Para o especialista em direito penal, a tática adotada pelo presidente pode não gerar o resultado esperado em futuros processos. “É uma tática ingênua, porque a cloroquina tinha recebido a reprovação, por exemplo, do conselho de medicina da França, da Organização Mundial da Saúde, e também da Organização Panamericana de Saúde, bem como de todos os cientistas brasileiros que vieram aos meios de comunicação alertar para esse risco. Ele insiste em defender pontos indefensáveis, se preparando para dizer que agiu de boa-fé”, afirma.
Reflexo da política interna
PublicidadeAlém de correr o risco de ter seu discurso visto no Congresso como uma forma de se autoincriminar, o jurista considera que a fala de Bolsonaro ainda pode trazer complicações para o presidente caso ele venha a responder futuramente no Tribunal Penal Internacional, em Haia.
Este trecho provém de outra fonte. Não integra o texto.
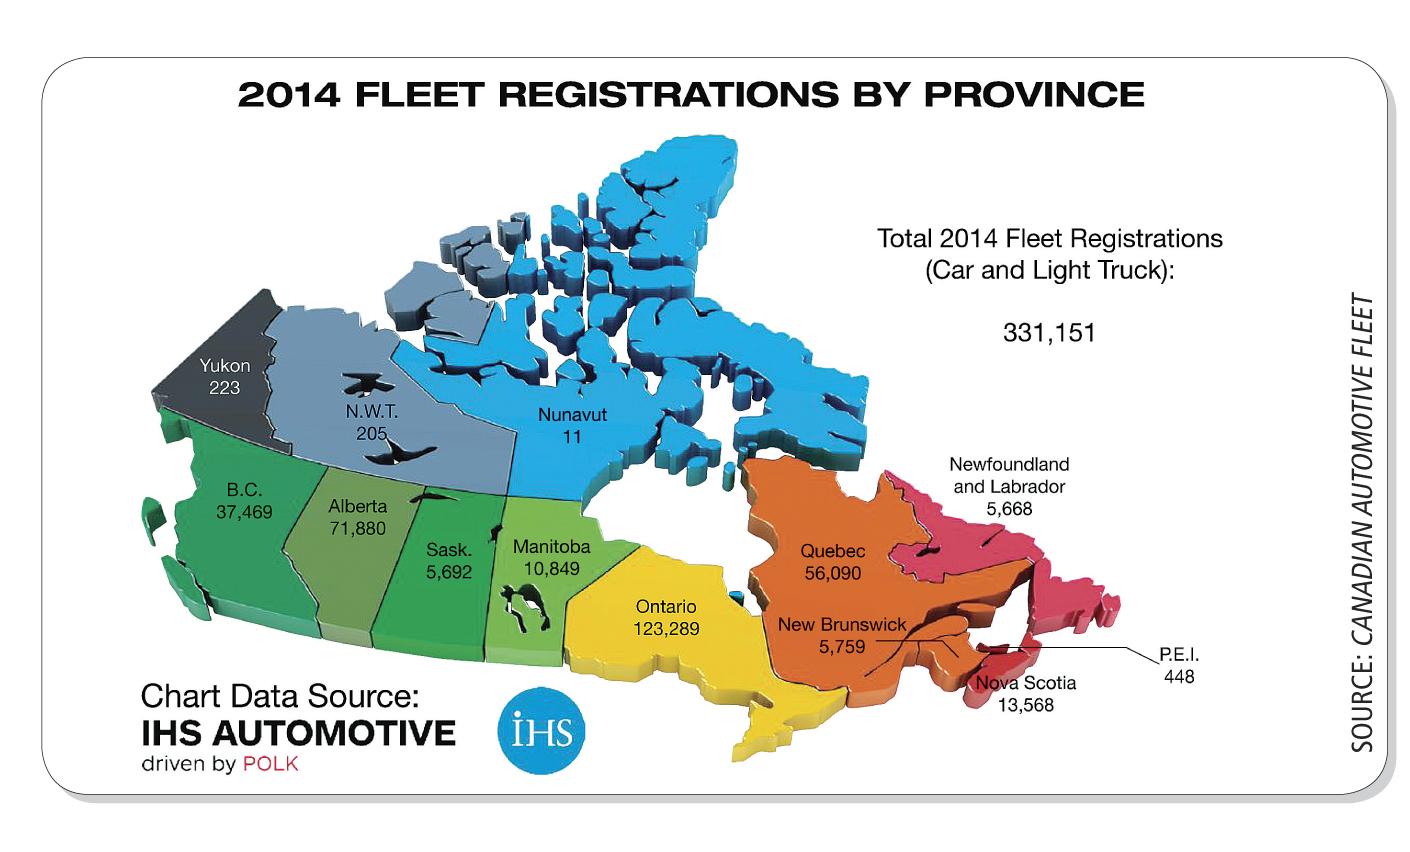 The Canadian Fleet Market is a Tale of Two Regions

Reale e um grupo de juristas entregaram parecer à CPI semana passada em que defende, entre outras coisas, que Bolsonaro seja investigado pelo tribunal internacional por crimes contra a humanidade. “Acredito que ele deva responder por conta de crime contra a humanidade, conforme o artigo 7º do Estatuto de Roma”, defende.
Esforço eleitoral
Quem também avaliou o discurso de Bolsonaro foi a jurista Helena Lobo da Costa. Apesar de não enxergar o pronunciamento do presidente como uma forma de autoincriminação ou de defesa prévia, ela concorda com Reale quanto aos objetivos eleitorais do discurso. “Foi um discurso voltado aos seus próprios eleitores, pessoas que ainda acreditam naquilo que ele fala. Ele falou de Sete de Setembro, desmatamento, muita coisa que não tem a ver com a CPI. Mas ele continua insistindo nas práticas equivocadas”, explica a jurista, coautora do parecer entregue à comissão.
Para Miguel Reale, os interesses eleitorais de Bolsonaro ao falar na ONU se manifestam até mesmo ao tratar de assuntos econômicos. “Ele não acredita no que defende. Ele estava fazendo o que lhe era conveniente para tentar amenizar danos eleitorais”.
Helena da Costa ainda alerta para os riscos que a postura do presidente cria para a imagem do Brasil no exterior. “A insistência dele em levar esse discurso para um ambiente onde ele sabia que não iria receber nenhuma adesão coloca o Brasil em uma posição inclusive vexatória diante da comunidade internacional”.